:: PROBLEM REQUIREMENTS ::
Your copy should match the entries below exactly, apart from the images.

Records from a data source
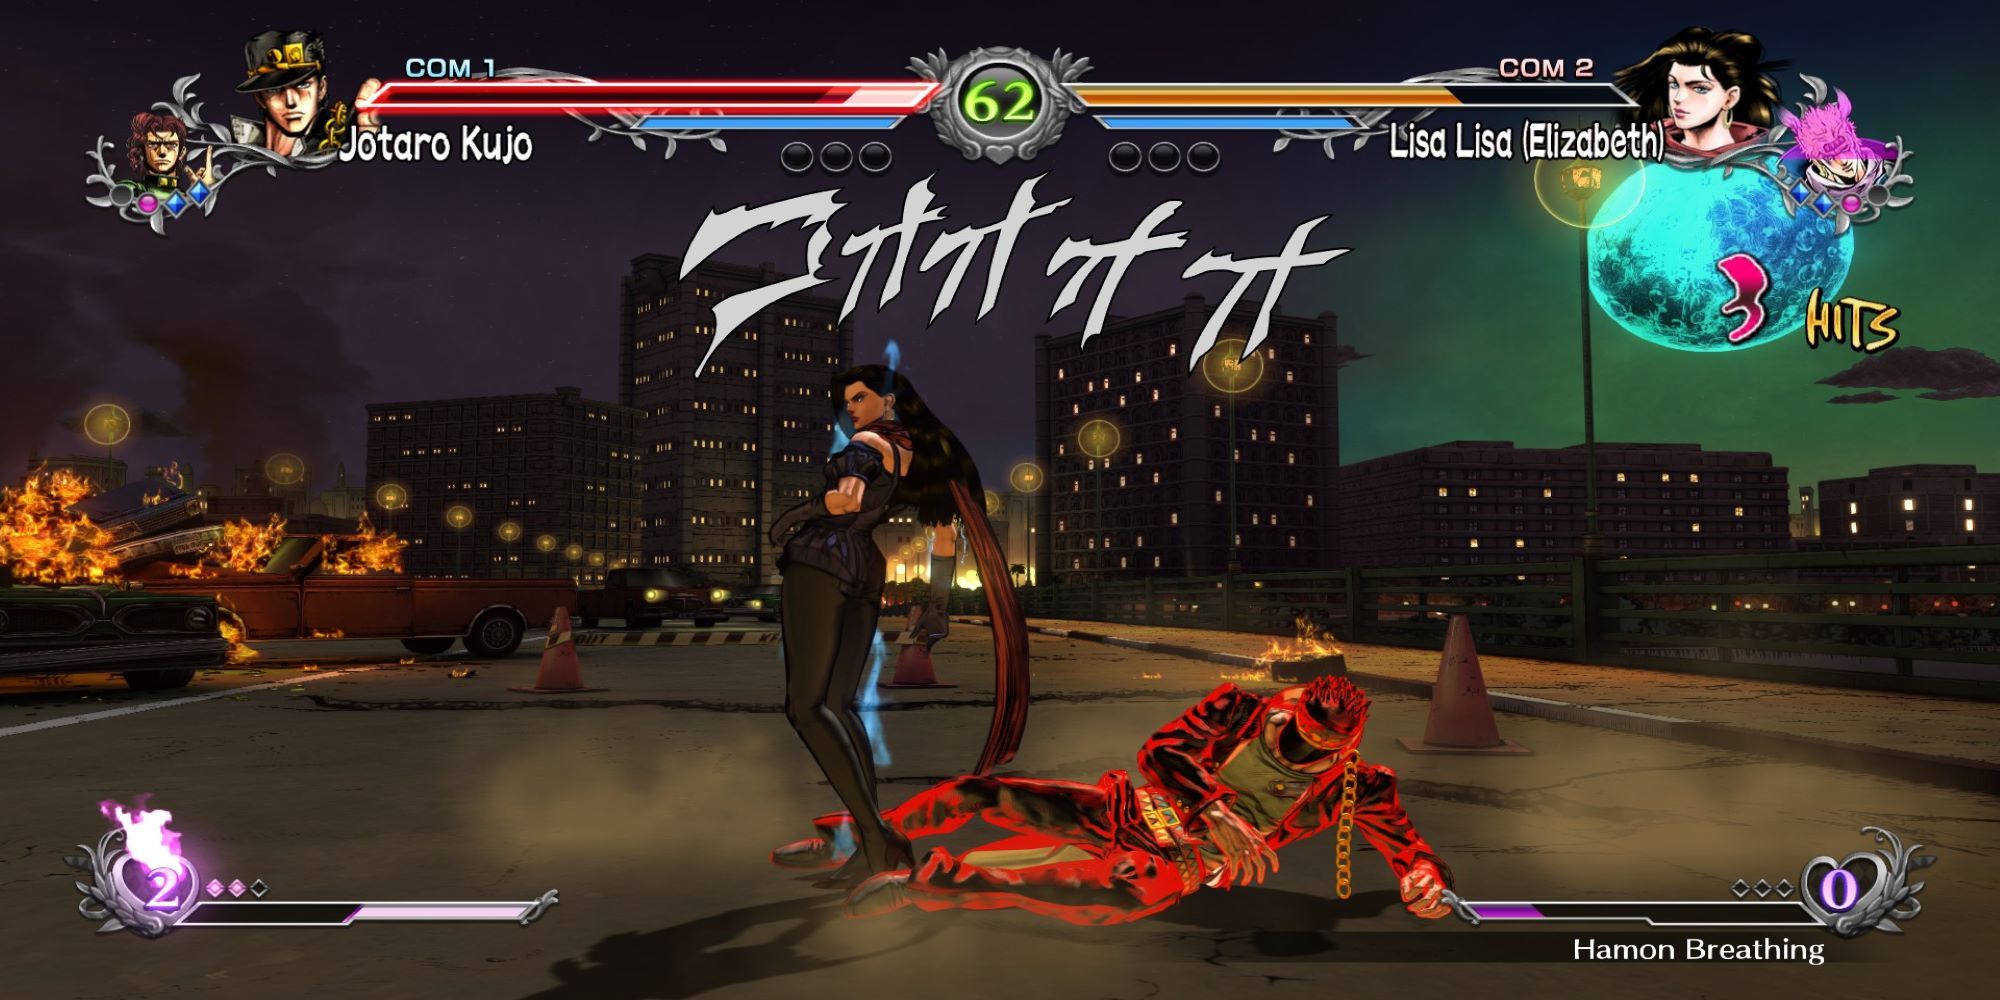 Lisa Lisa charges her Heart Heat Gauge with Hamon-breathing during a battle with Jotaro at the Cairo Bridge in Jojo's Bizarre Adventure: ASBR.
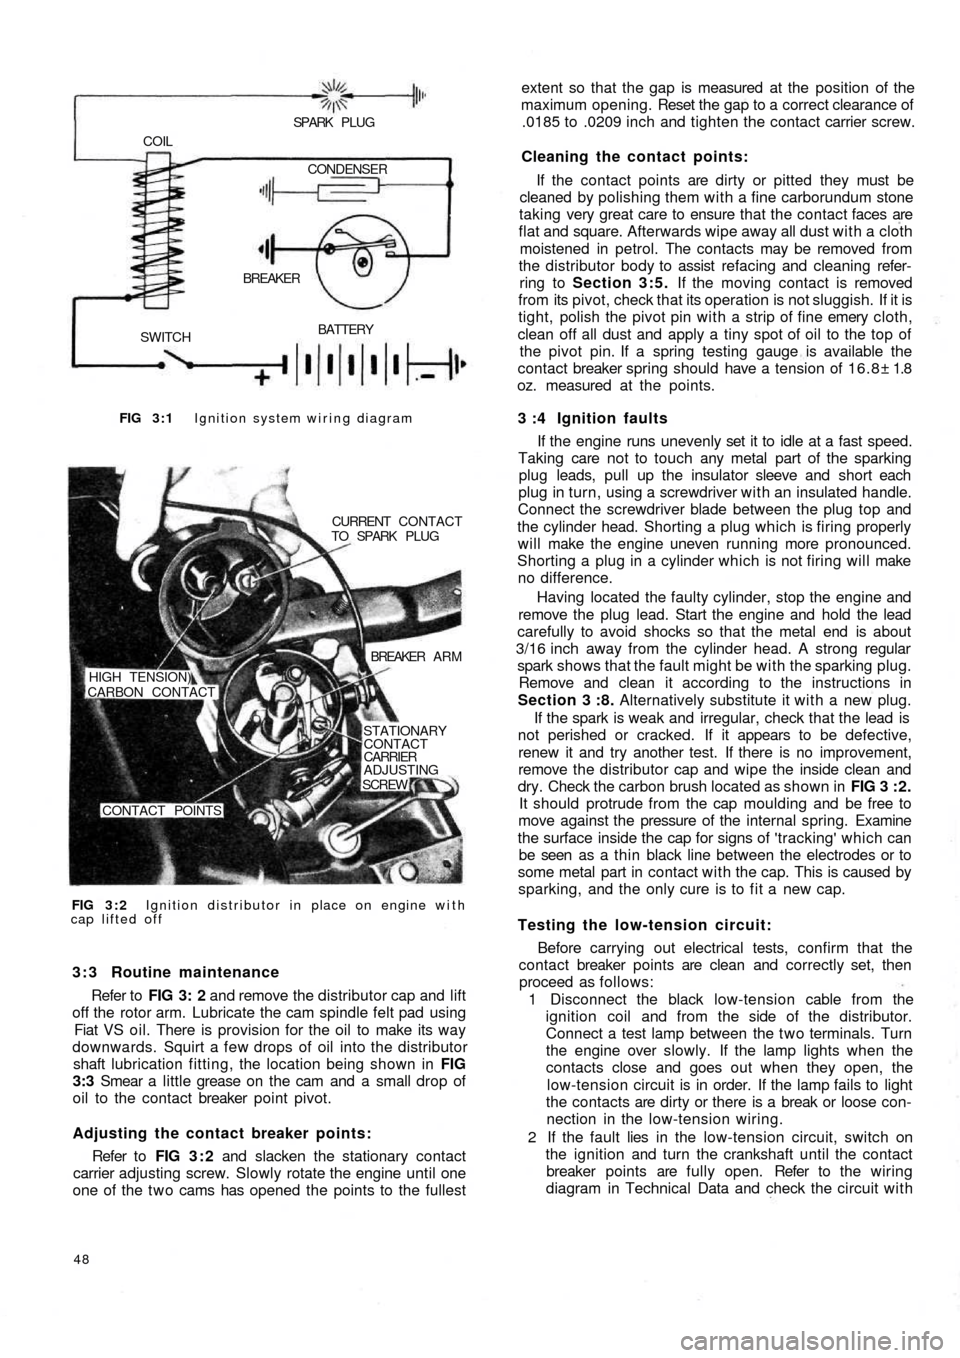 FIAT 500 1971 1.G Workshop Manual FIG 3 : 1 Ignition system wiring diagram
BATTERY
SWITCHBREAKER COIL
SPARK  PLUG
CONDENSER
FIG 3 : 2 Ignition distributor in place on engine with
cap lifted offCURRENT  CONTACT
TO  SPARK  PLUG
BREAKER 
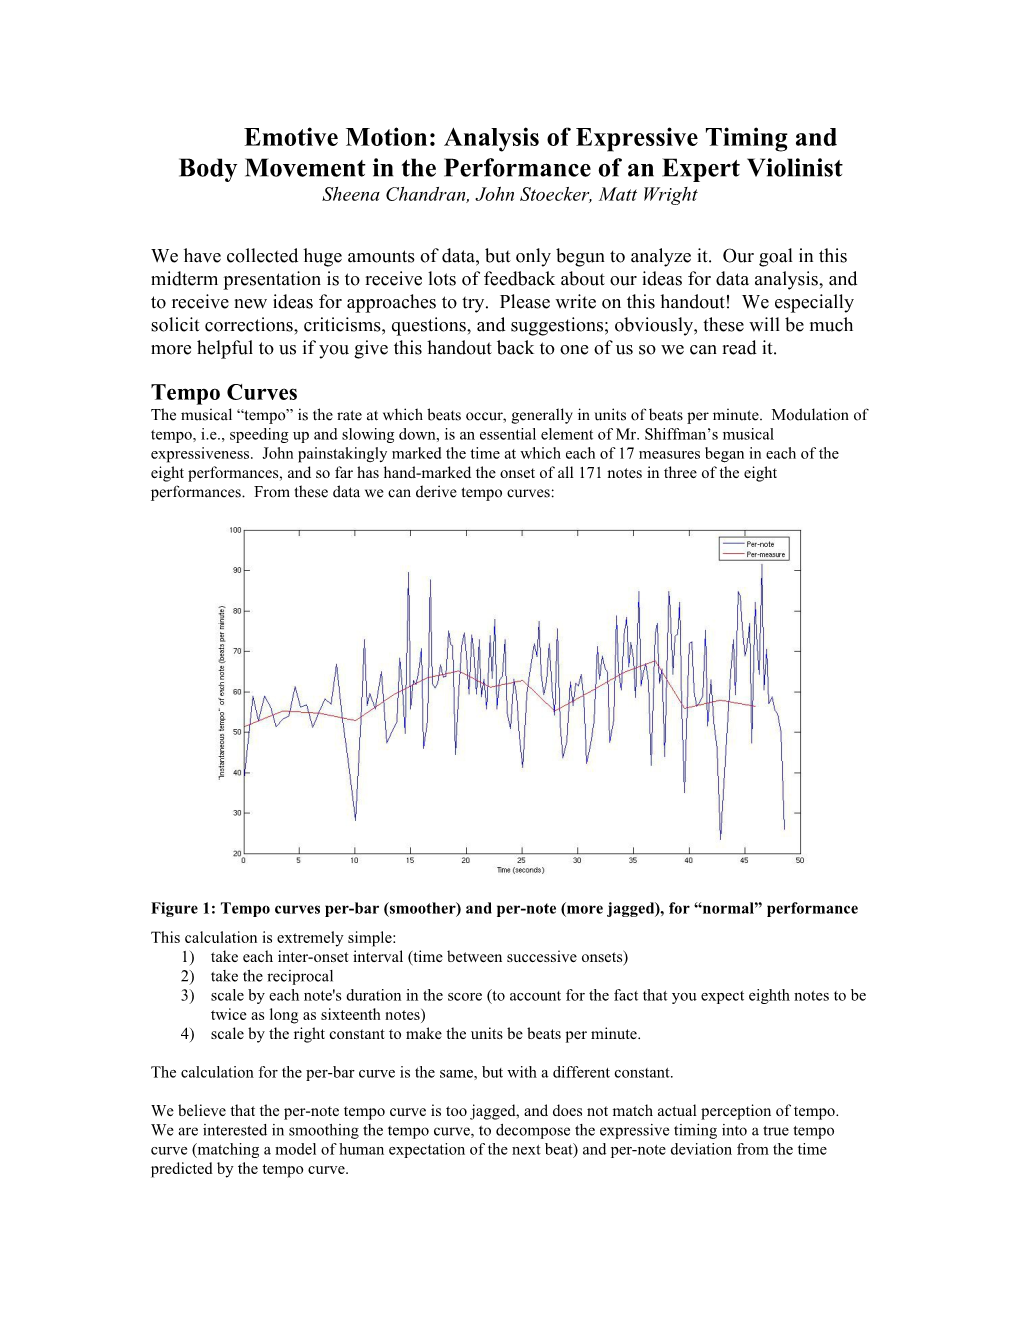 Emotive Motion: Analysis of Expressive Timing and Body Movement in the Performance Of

:: SOLVED PROBLEM ::
 Lisa Lisa charges her Heart Heat Gauge with Hamon-breathing during a battle with Jotaro at the Cairo Bridge in Jojo's Bizarre Adventure: ASBR.
 FIAT 500 1971 1.G Workshop Manual FIG 3 : 1 Ignition system wiring diagram
BATTERY
SWITCHBREAKER COIL
SPARK  PLUG
CONDENSER
FIG 3 : 2 Ignition distributor in place on engine with
cap lifted offCURRENT  CONTACT
TO  SPARK  PLUG
BREAKER 
 Emotive Motion: Analysis of Expressive Timing and Body Movement in the Performance Of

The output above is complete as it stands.